D. By the call of Abraham and the separation of his posterity God secured the true religion among the Jewish people and thus prepared for the advent of the Redeemer.
While the nations were departing more and more from their Creator and going each its own way, God chose Abraham, a descendant of Sem,
and made him the father of a race which was to be the special object of His solicitude, the guardian of the supernatural revelation, and the herald of the promised Messias.

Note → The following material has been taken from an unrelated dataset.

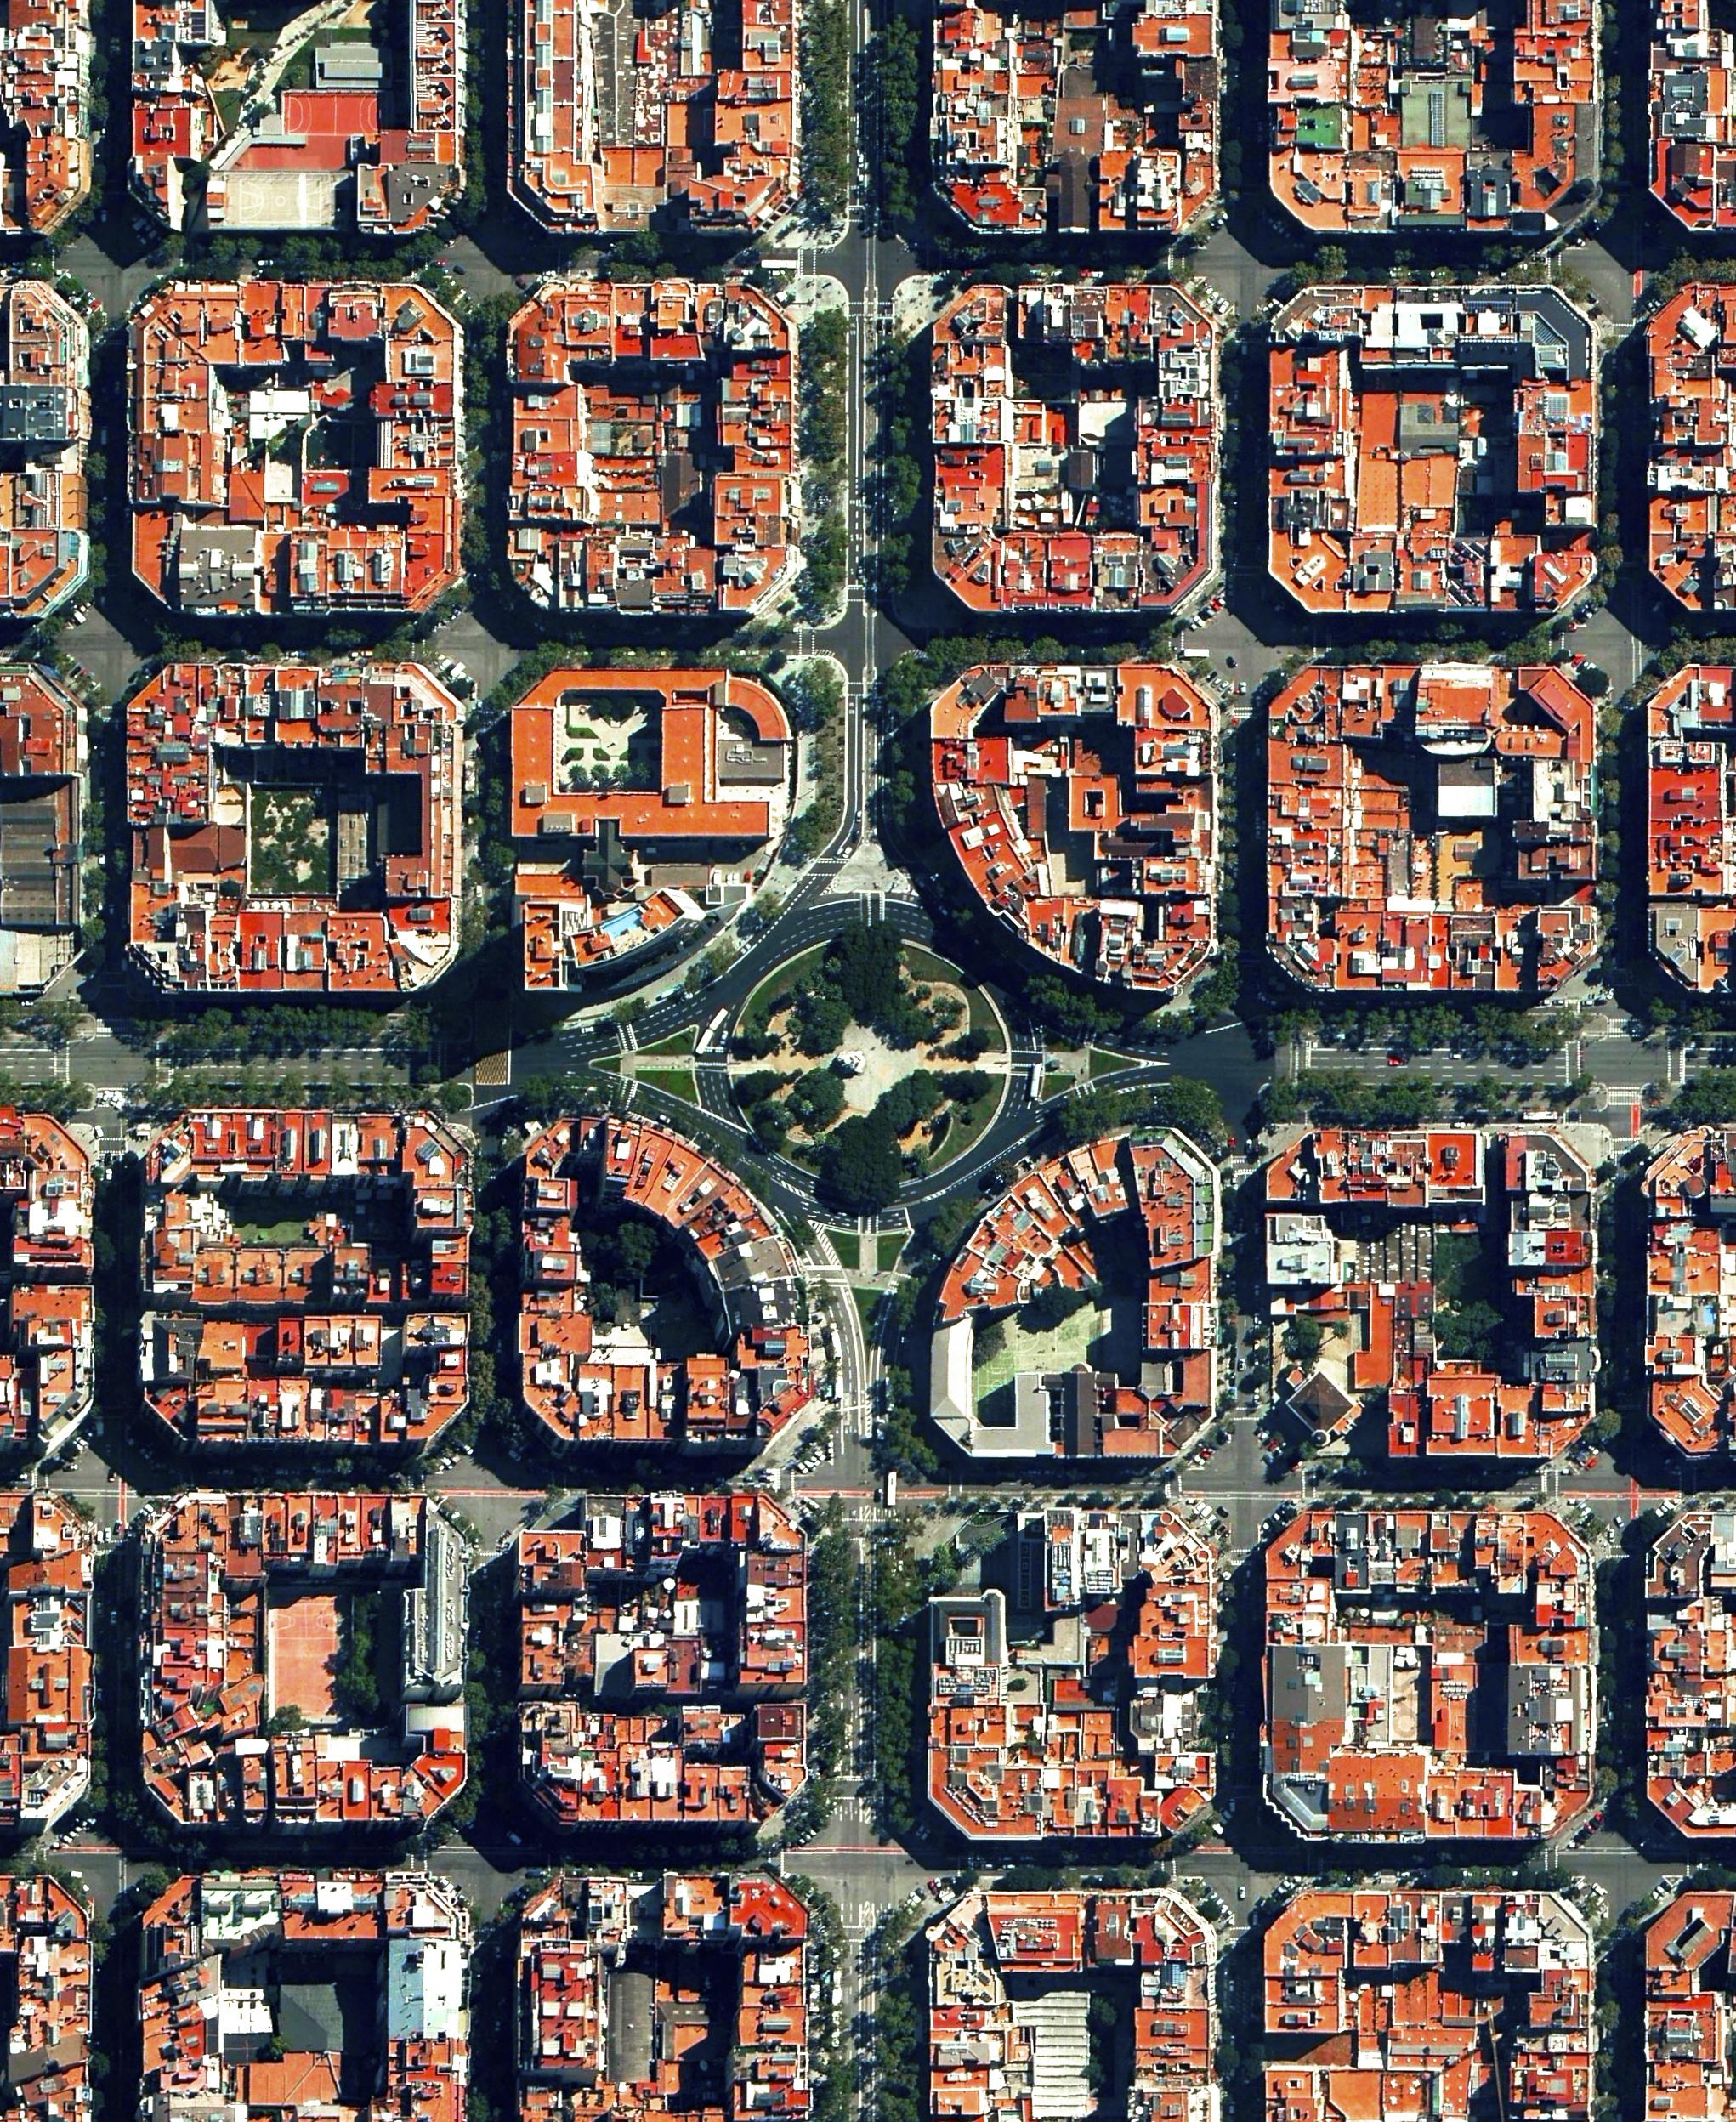 2/19/2016  Plaça de Tetuan  Eixample District, Barcelona, Spain  41.394921°N 2.175507°E     Plaça de Tetuan is a major square located in the Eixample district of Barcelona, Spain. The area characterized by its strict grid pattern, octagonal intersections, and apartments with communal courtyards.
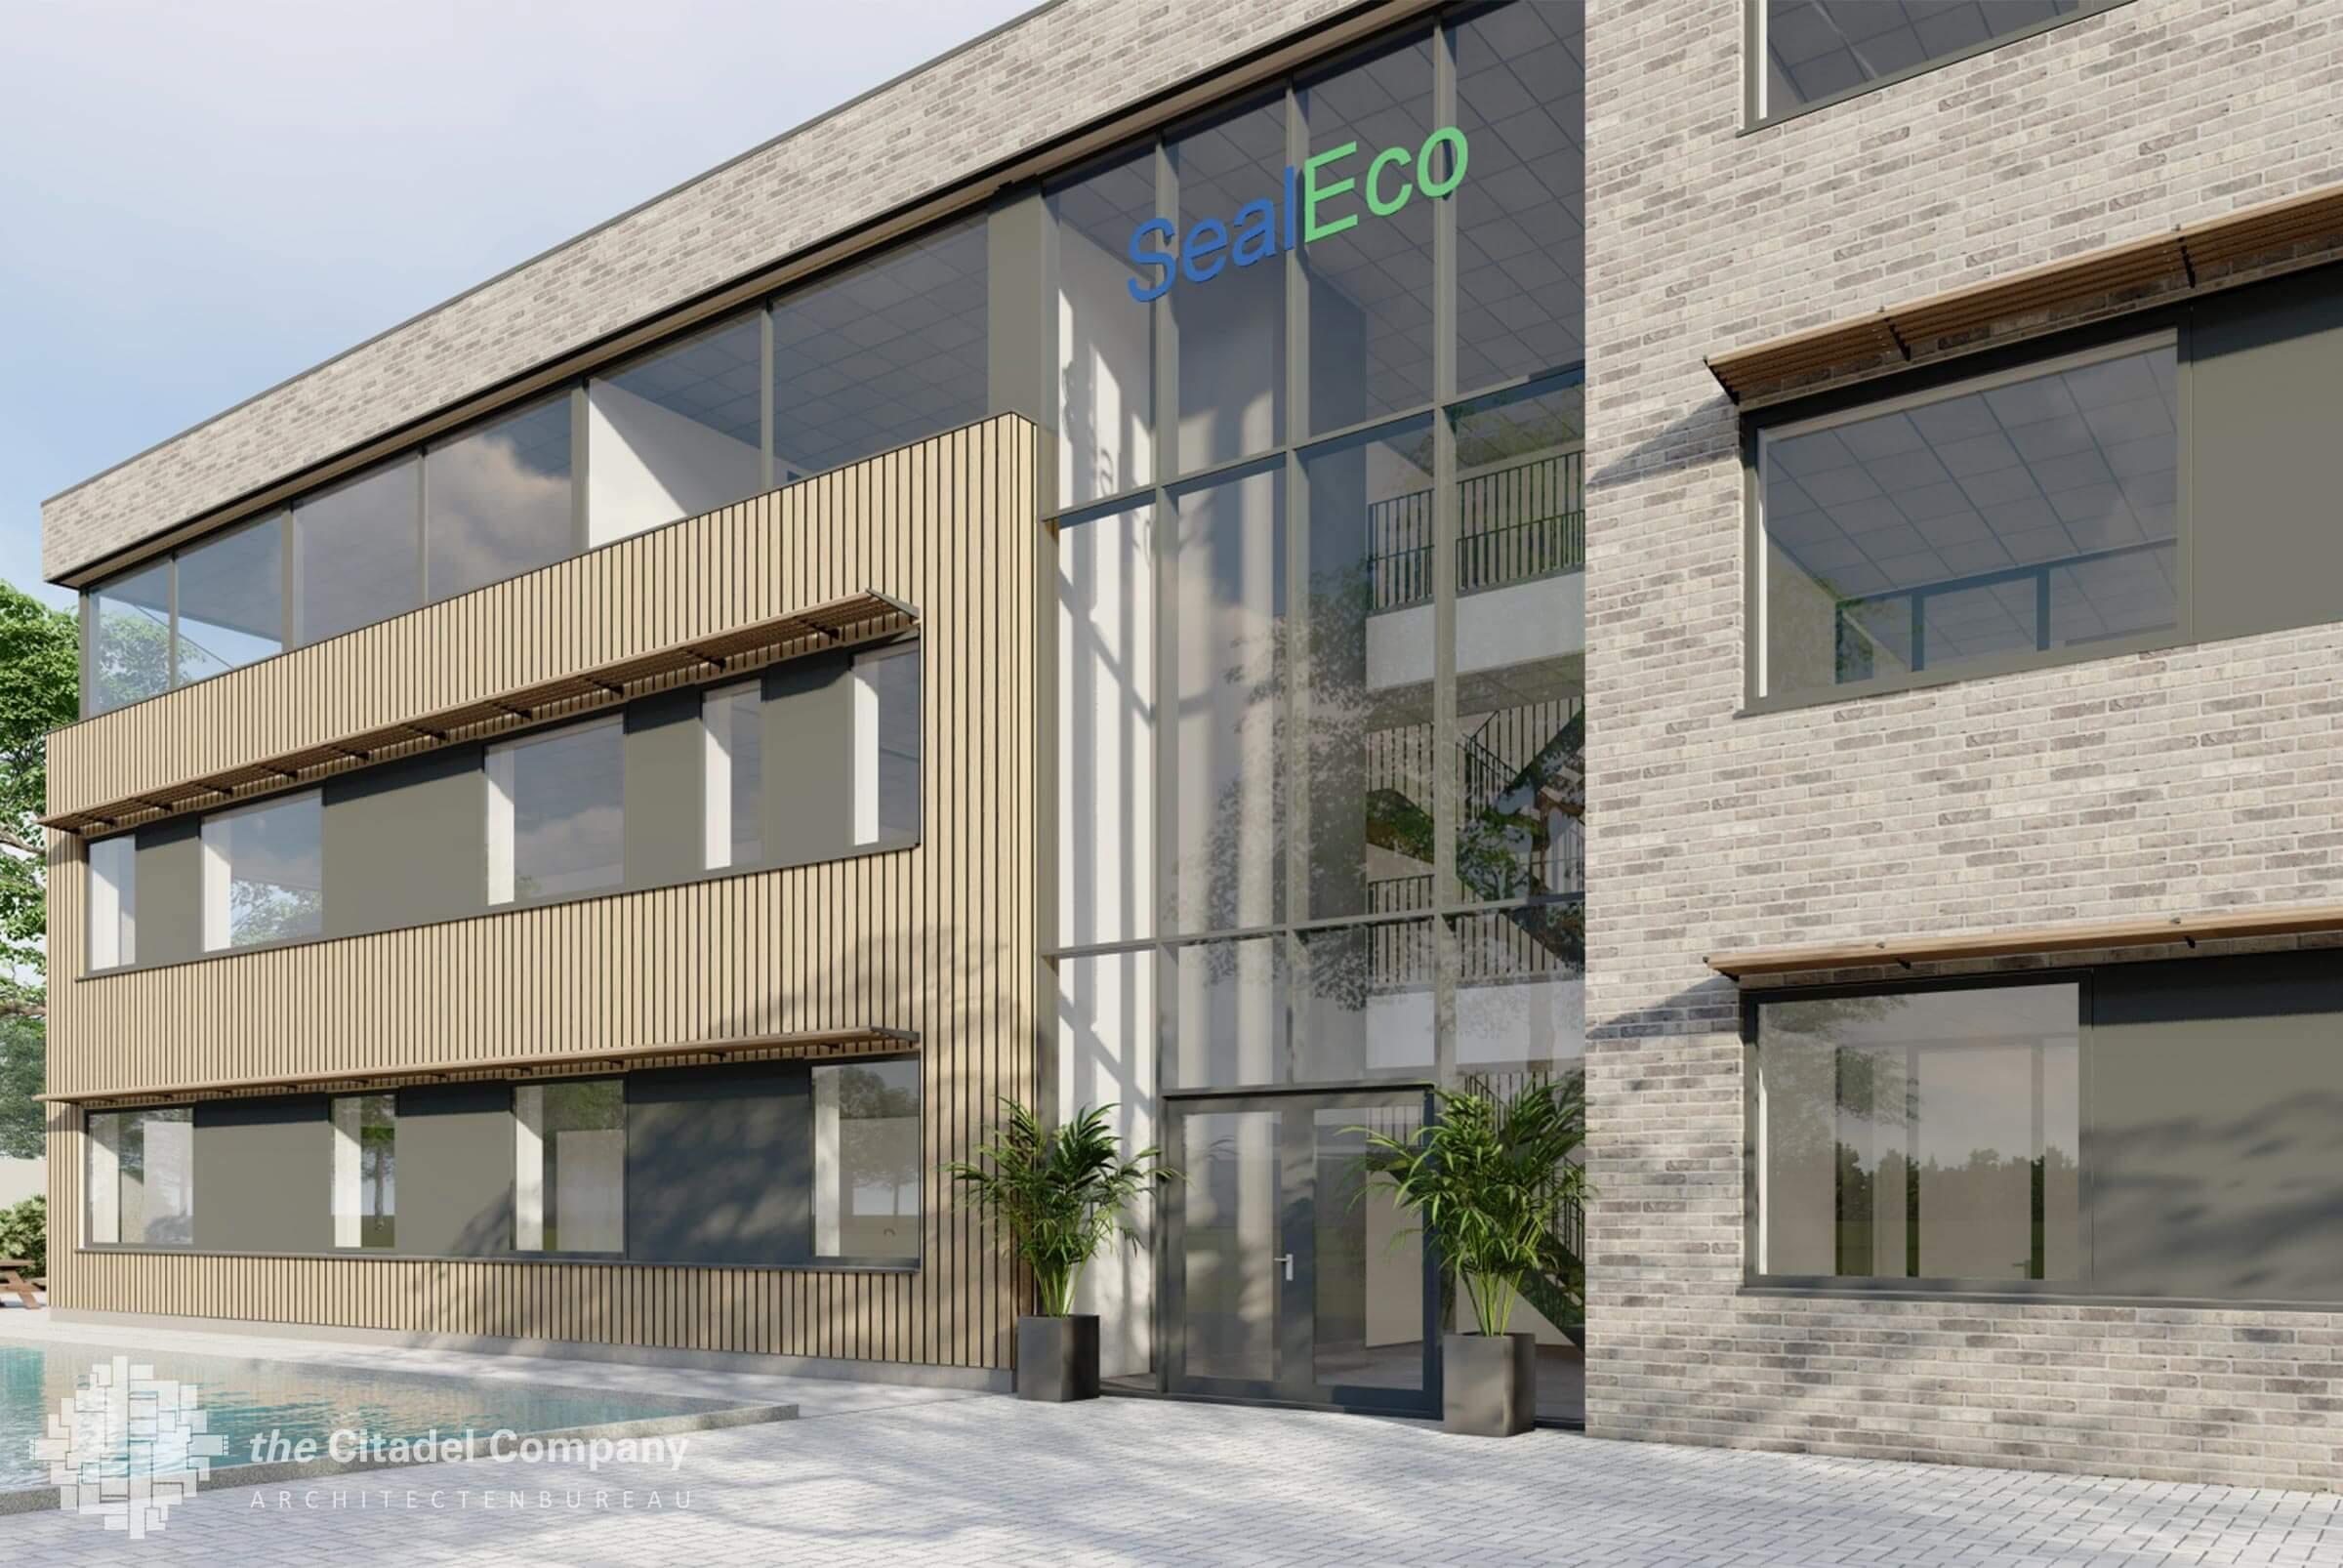 Nieuw bedrijfspand SealEco

This race, from which the Messias was to spring, was, by its separation from other nations, and by extraordinary temporal blessings, privileged and sanctified above the rest
of mankind, and, at the same time, preserved from moral corruption. God, if He chose, could have effected this design by other supernatural means;
but, in His wisdom, He loves to give a natural groundwork to His supernatural dispensations. Abraham was ordered to leave Chaldea, his own country, and to go into Canaan.
God spoke to him: I will make of thee a great people, and bless thee
(Gen. 12: 2-3). Henceforth God continued to converse familiarly with Abraham.
As a sign of His covenant with him He chose circumcision; and herein is the first vestige of the Mosaic law.
But God gave also special and, at times, appalling evidences of a supernatural providence towards other peoples. Thus, for instance, Sodom and Gomorrha were destroyed by fire and brimstone in punishment for their unnatural crimes.
E. At the separation of the Jewish people God intended the reunion of the human race through the coming Redeemer.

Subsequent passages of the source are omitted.